Accuracy metrics and related terms used for evaluating the classification performance of the models in this work are defined below.

An outcome where the model predicts a read as positive when the read is actually from the targeted (positive) dataset/species is considered a True Positive (TP). An outcome where the model predicts a read as negative when the read is actually from the non-targeted (negative) dataset/species is considered a True Negative (TN). An outcome where the model predicts a read as positive when the read is actually from the non-targeted (negative) dataset/species is considered a False Positive (FP). An outcome where the model predicts read as negative when the read is actually from the targeted (positive) dataset/species is considered a False Negative (FN). Accuracy that denotes the overall accuracy of the model with correct predictions over total predictions is computed as \(\frac{TP + TN}{TP + TN + FP + FN}\); precision is computed as \(\frac{TP}{TP + FP}\); Recall is computed as \(\frac{TP}{TP + FN}\); and F1 score \(\frac{2 \times (Precision \times Recall)}{Precision + Recall}\). However, in experiments from baseline method, Guppy_hac+Minimap2 and Guppy_fast+Minimap2, the unmapped reads accounted neither as false positives nor false negatives. Therefore in such cases, Precision, Recall and F1 Score are approximations with available prediction statistics.

Conclusion

Nanopore selective sequencing is an emerging area of genome sequencing that is gaining popularity due to its efficiency and low cost.
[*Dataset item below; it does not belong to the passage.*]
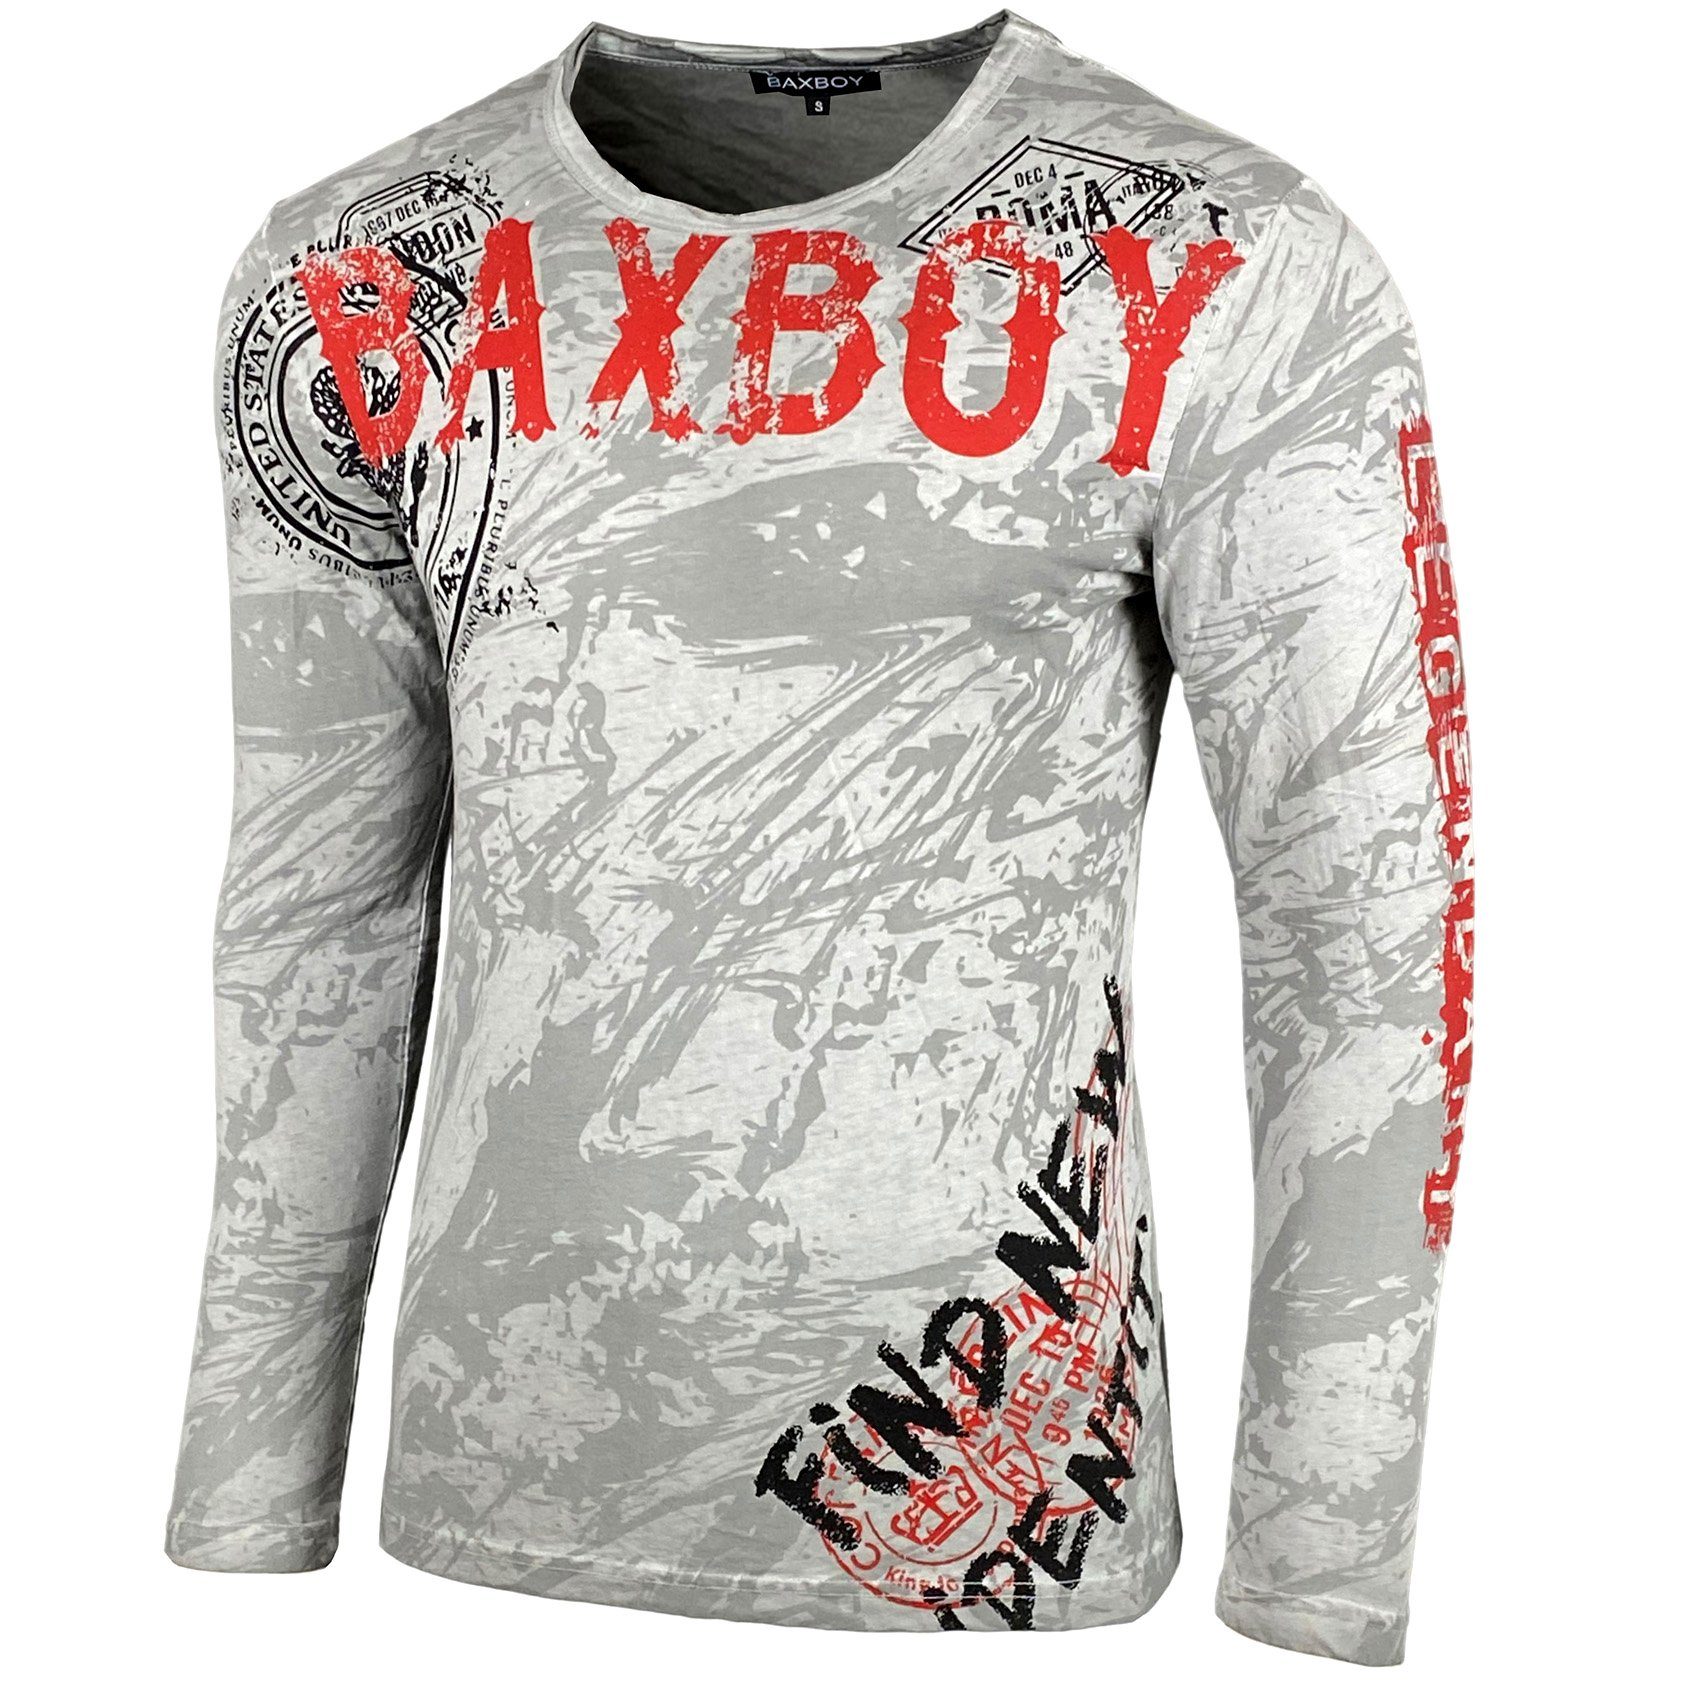 Baxboy Longshirt Baxboy Herren Longsleeve T-Shirt Moderner Männer Langarmshirt B-701 Grau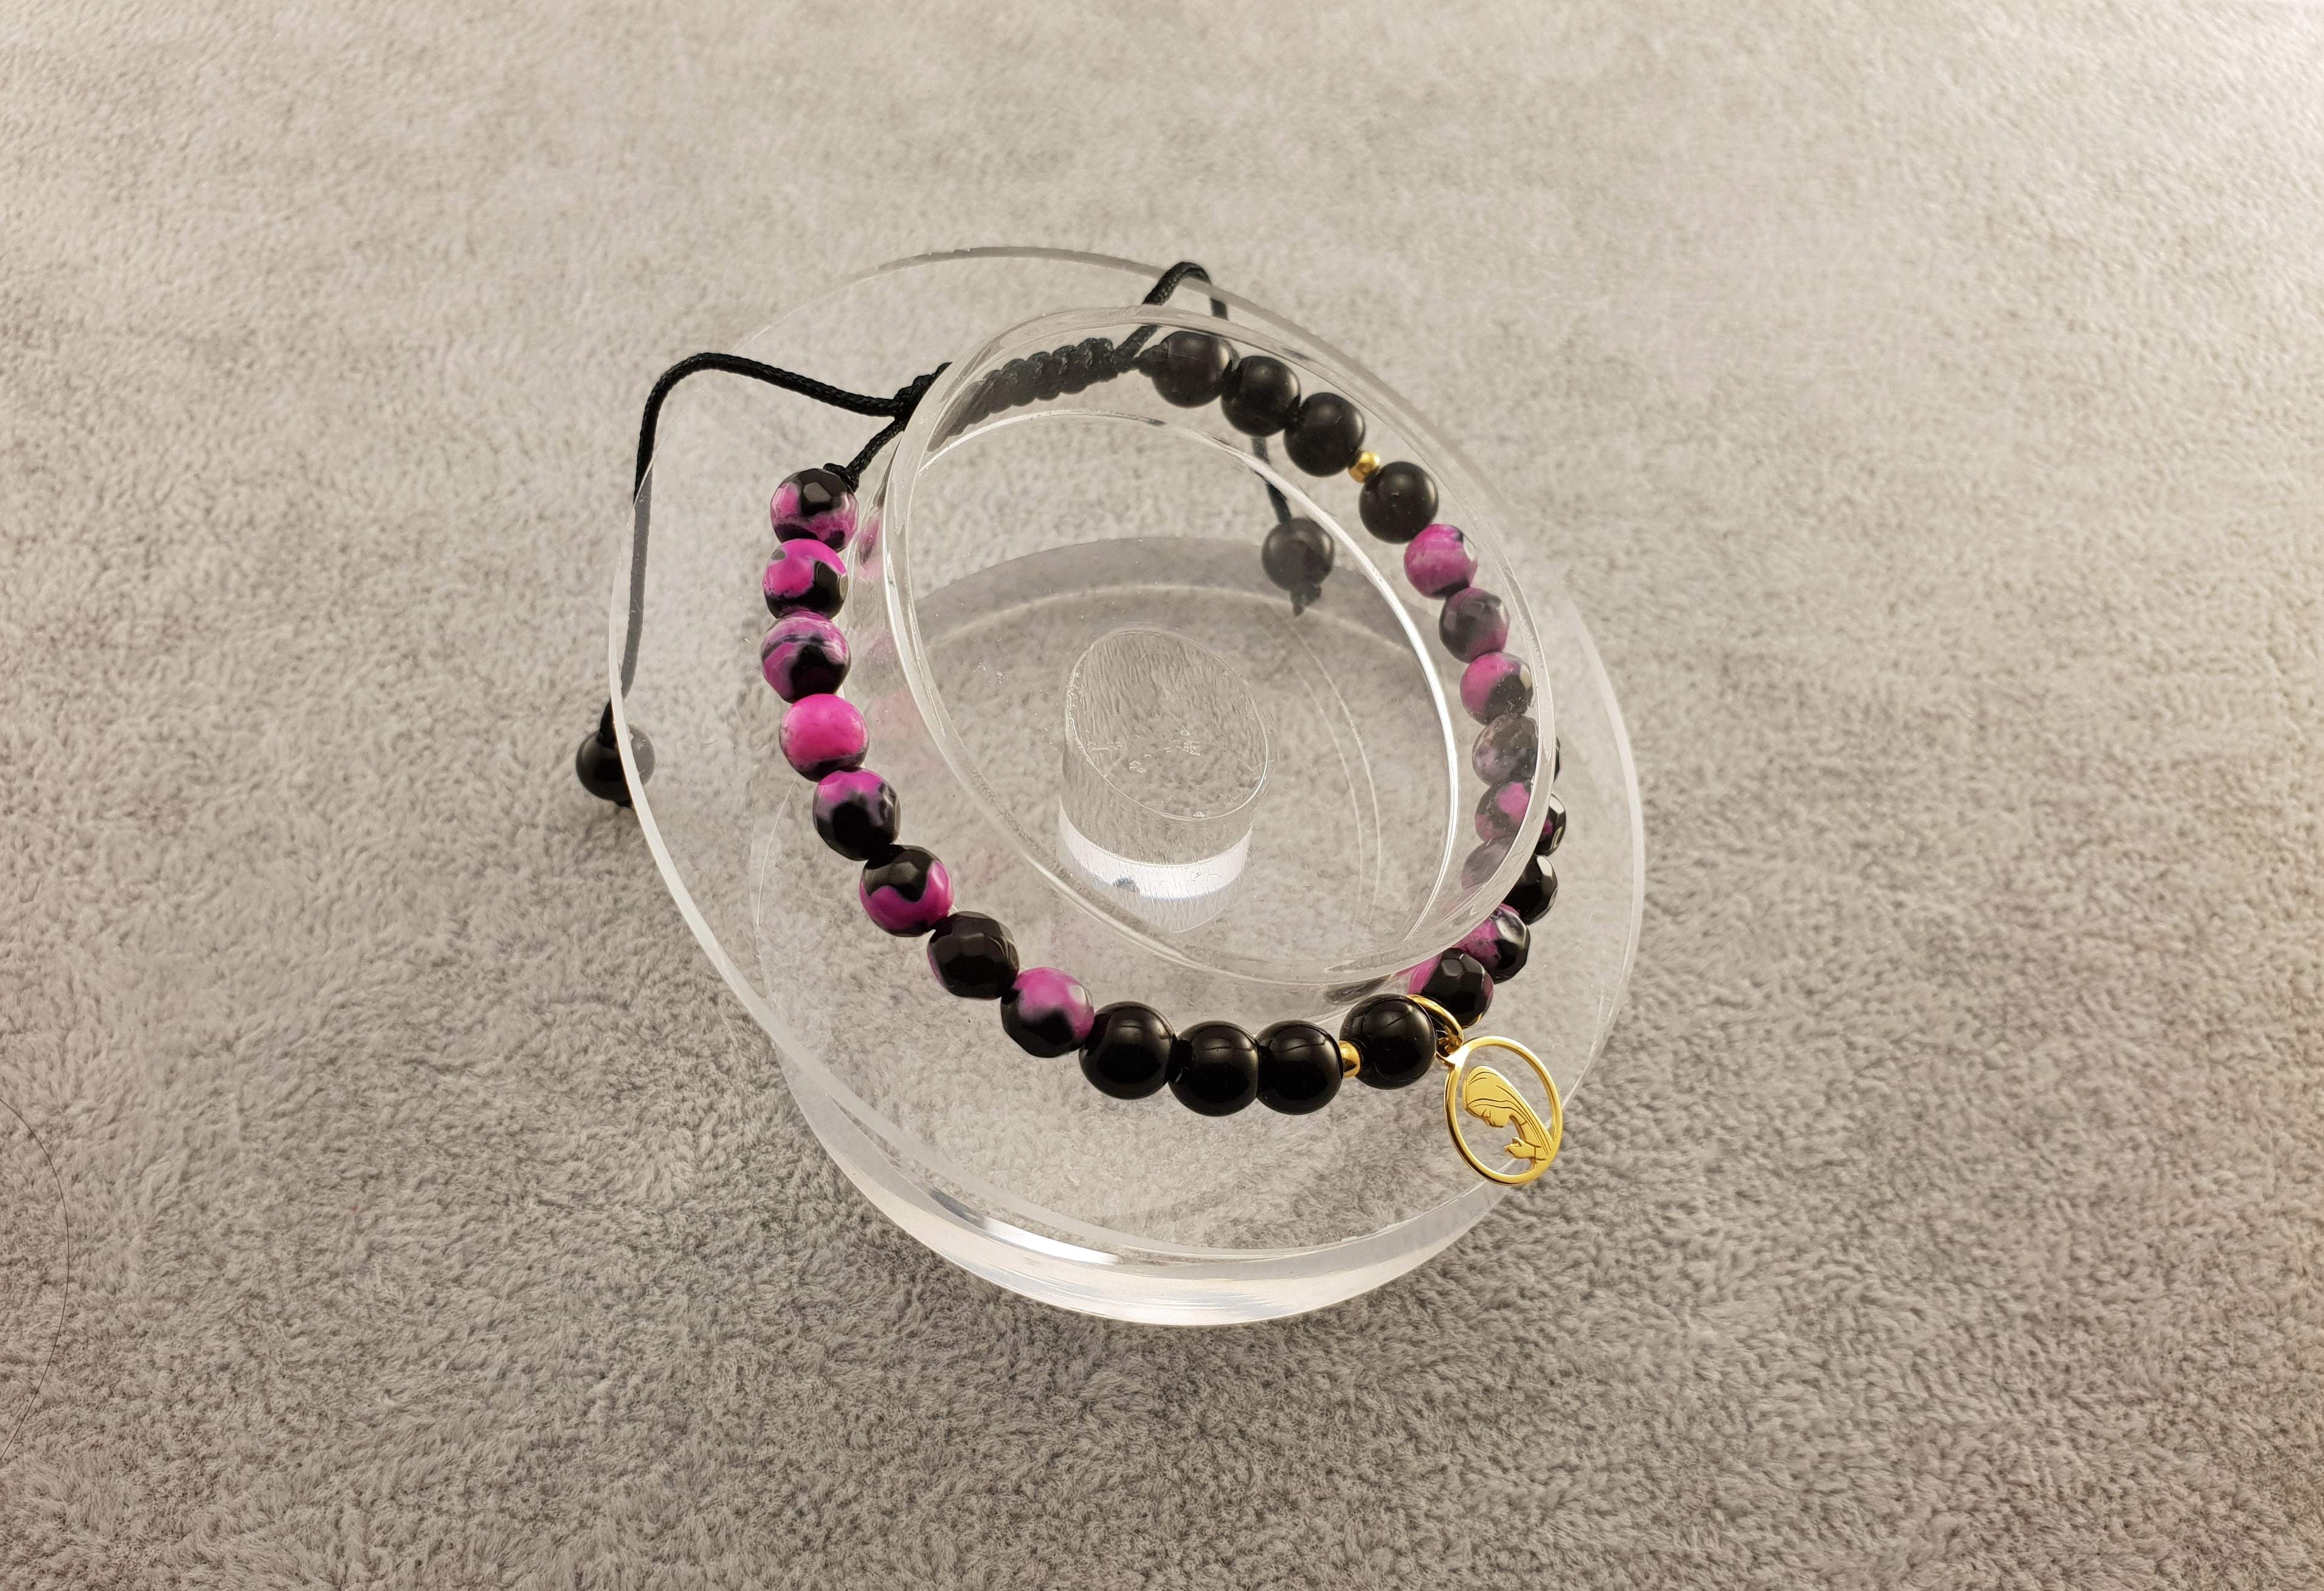 Agate beads - Praying 2 - By Janine Jewellery

There have been several attempts to realize selective sequencing with better accuracy and speed. In this paper, we presented DeepSelectNet, a deep learning-based approach for species classification using selective sequencing that outperforms existing methods. Amongst five inter-species datasets evaluated, DeepSelectNet achieved > 90% accuracy (on average \(\sim\) 95%) for all datasets. DeepSelectNet was bench-marked against existing methods (both deep-learning and non-deep-learning methods) and produced exceedingly top performances across the vast majority of the datasets. In some cases, DeepSelectNet on partial reads (4500 signal samples at the beginning of each read) outperformed the alignment-based approach (high accuracy basecalling + alignment) done on complete reads. DeepSelectNet also performed well in classifying human DNA from bacteria/viral data (> 90% accuracy). However, DeepSelectNet could only achieve < 70% for intra-species classification such as classifying based on different regions of the same species. Thus, the architecture of DeepSelectNet is more suitable for inter-species classification. In terms of execution time, DeepSelectNet outperformed the existing deep-learning-based method. However, DeepSelectNet being a Python-based prototype was several times slower than the C/C++-based Guppy (fast basecalling) + Minimap2 combination. Re-implementation of DeepSelectNet in C/C++ followed by performance tuning would potentially achieve comparable runtime performance.